In 2005 Manrique opened Café de la Presse, San Francisco's celebrated Parisian-inspired bistro that enjoys the distinction of being among the city's most popular dining destinations. Three years later saw the opening of the wine bar Blanc et Rouge. Manrique continued his love of wine bars by opening Aquitaine Wine Bistro in April 2014. Laurent Manrique is a member of the Association des Maitres Cuisiniers de France as well as a Knight of the Order of Agricultural Merit (Chevalier du Mérite Agricole).
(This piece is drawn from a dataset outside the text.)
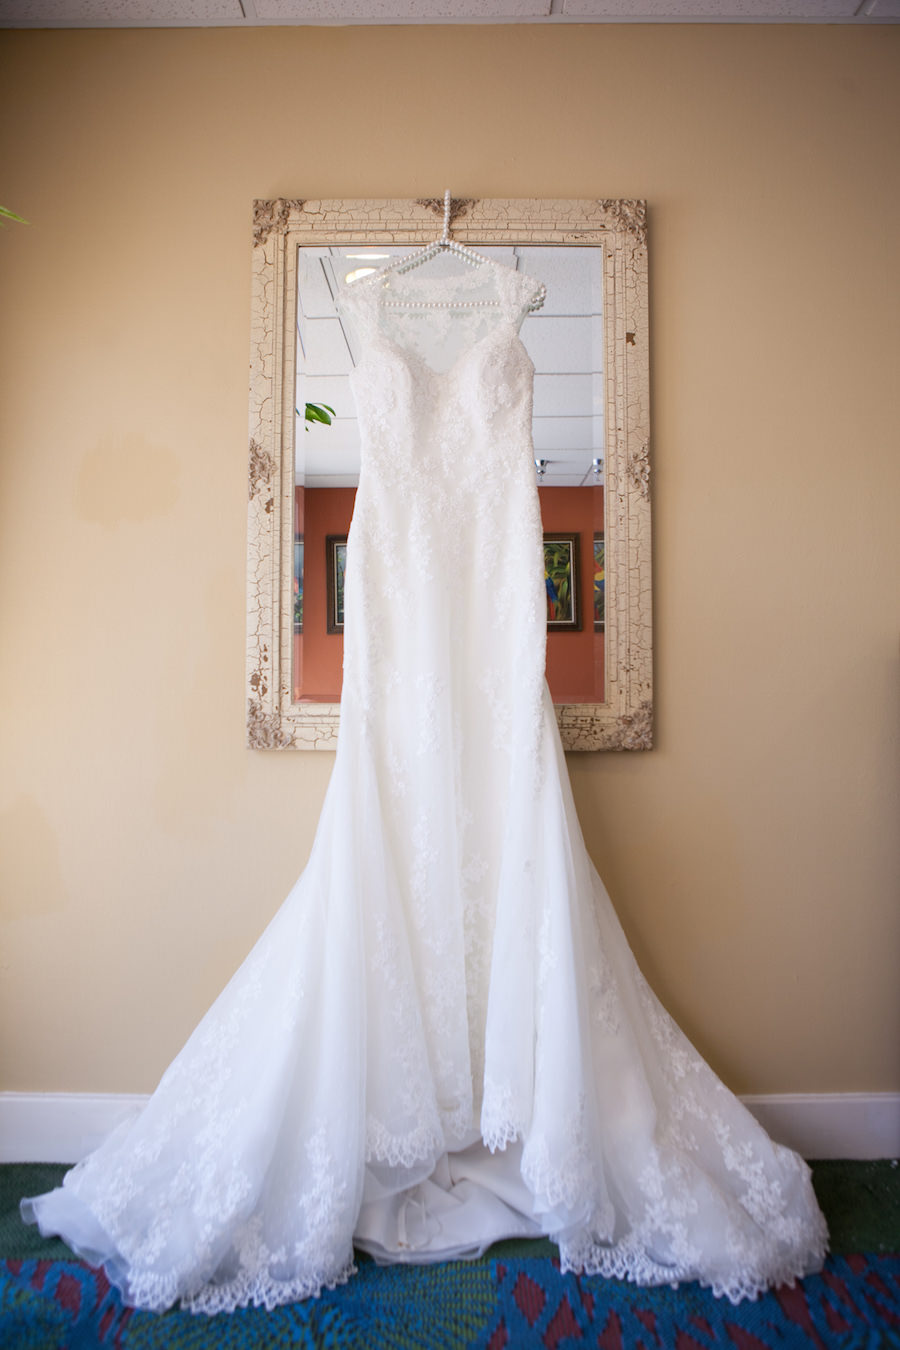 Ivory, Lace Pronovias Wedding Dress with See Through Back on Pearl Hanger | Safety Harbor Wedding Photographer Carrie Wildes Photography

In 2019, Laurent and his wife Michelle discovered a magic place called “Las Rosadas” in Bahia de Chamela, Mexico. Shortly after, Las Rosadas and Laurent entered in a partnership that has elevated the Ocean Club experience. In May 2021, Laurent became the culinary adviser for Scott's Chowder House and opened multiple locations in San Francisco and San Jose, CA. This year, Laurent and his long time friend and master chef from France Olivier Dubreuil, launched a new project called “ La Maison des Chefs at Home ” making traditional meals in a jar. He also became the culinary advisor for Aqua Culture Food. Manrique's passion for cuisine includes an emphasis on philanthropy, where he employs his cooking abilities for a variety of causes. Though he regularly contributes to many local charities and fundraising events, of particular note is his own creation, “Taste and Tribute,” a bi-annual benefit convening 18 renowned chefs for the Berkeley-based Tibetan Aid Project. Manrique is a long-time supporter of Meals on Wheels and Project Open Hand in San Francisco.

==Personal life==
Manrique is married to writer Michelle Odom Manrique, and makes his home with their children in northern California.